» Problem to work on
Below are records with pictures. Reproduce exactly the lines from the line with "BMW unveils eye-catching new 4 Series" to the line with "JHD12864E image", inclusive, and leave each picture out.

» Input material
· · · ·

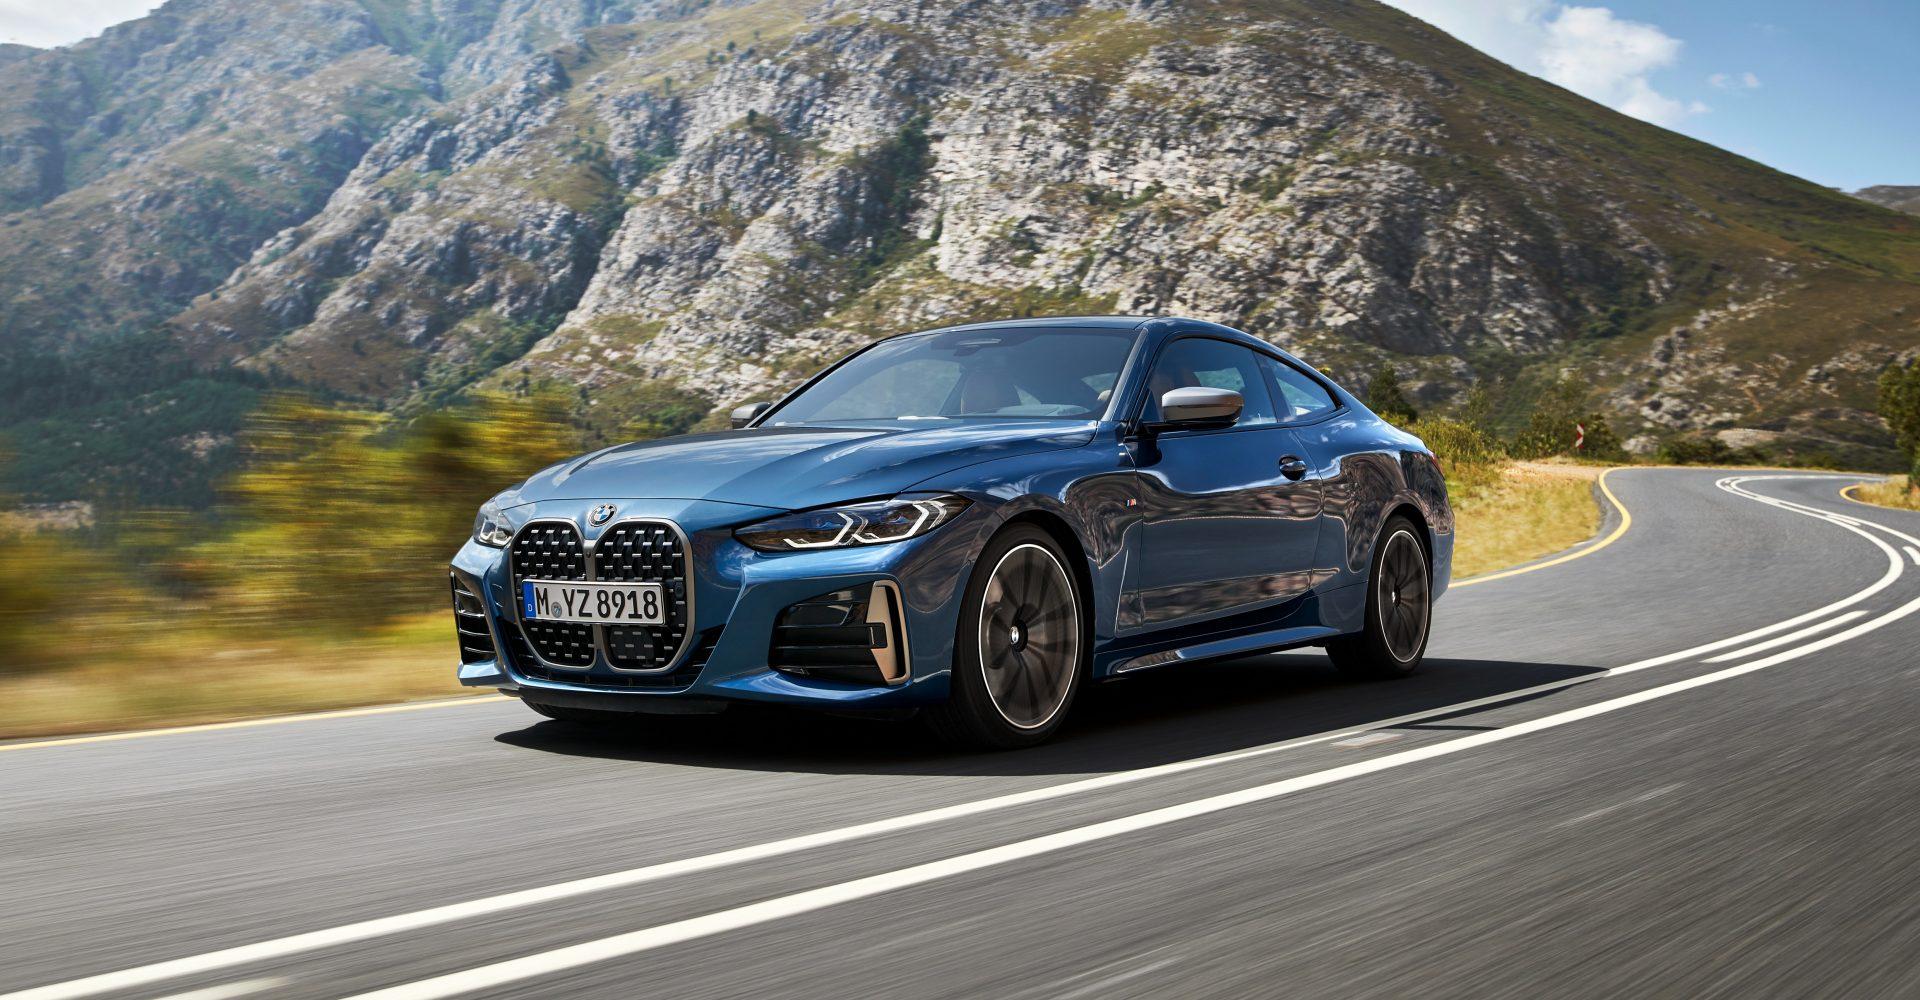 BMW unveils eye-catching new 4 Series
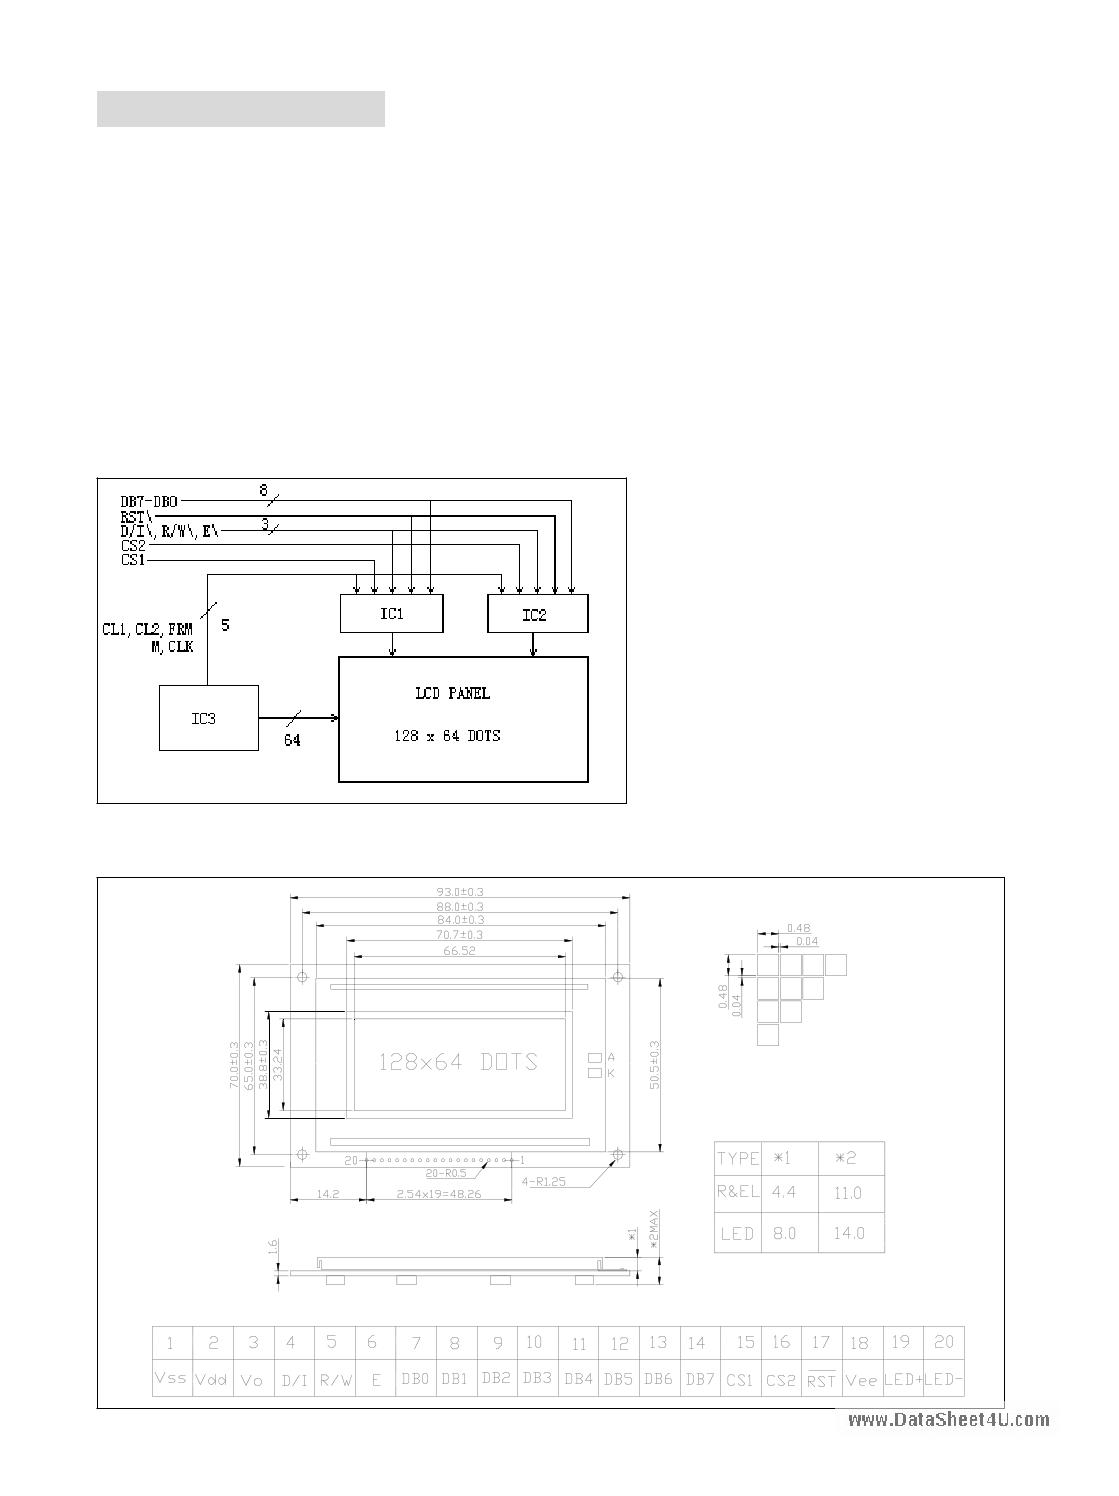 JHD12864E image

· · · ·

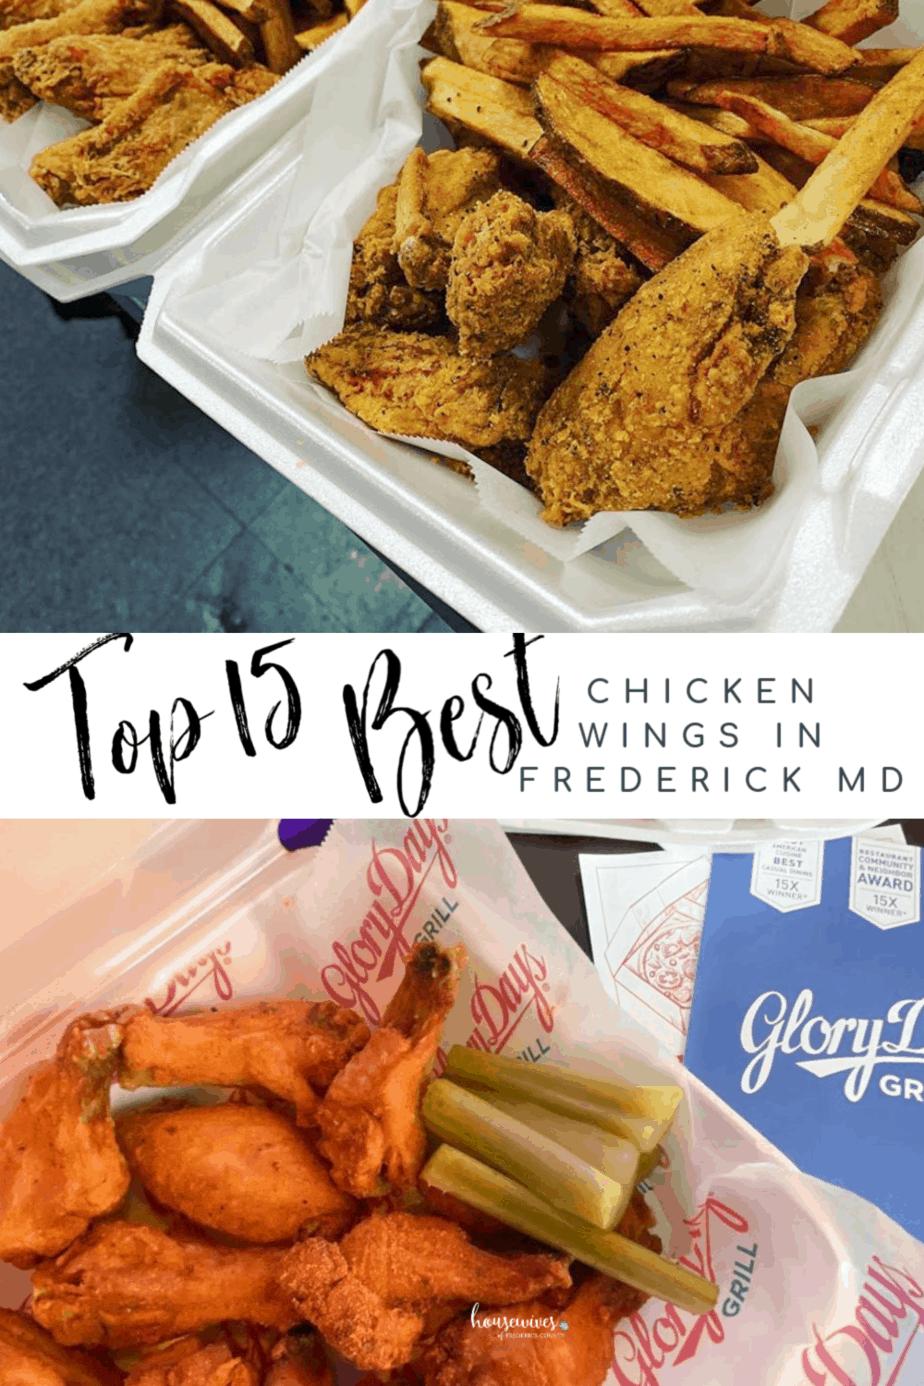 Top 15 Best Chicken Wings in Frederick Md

· · · ·

» Response area
 BMW unveils eye-catching new 4 Series
 JHD12864E image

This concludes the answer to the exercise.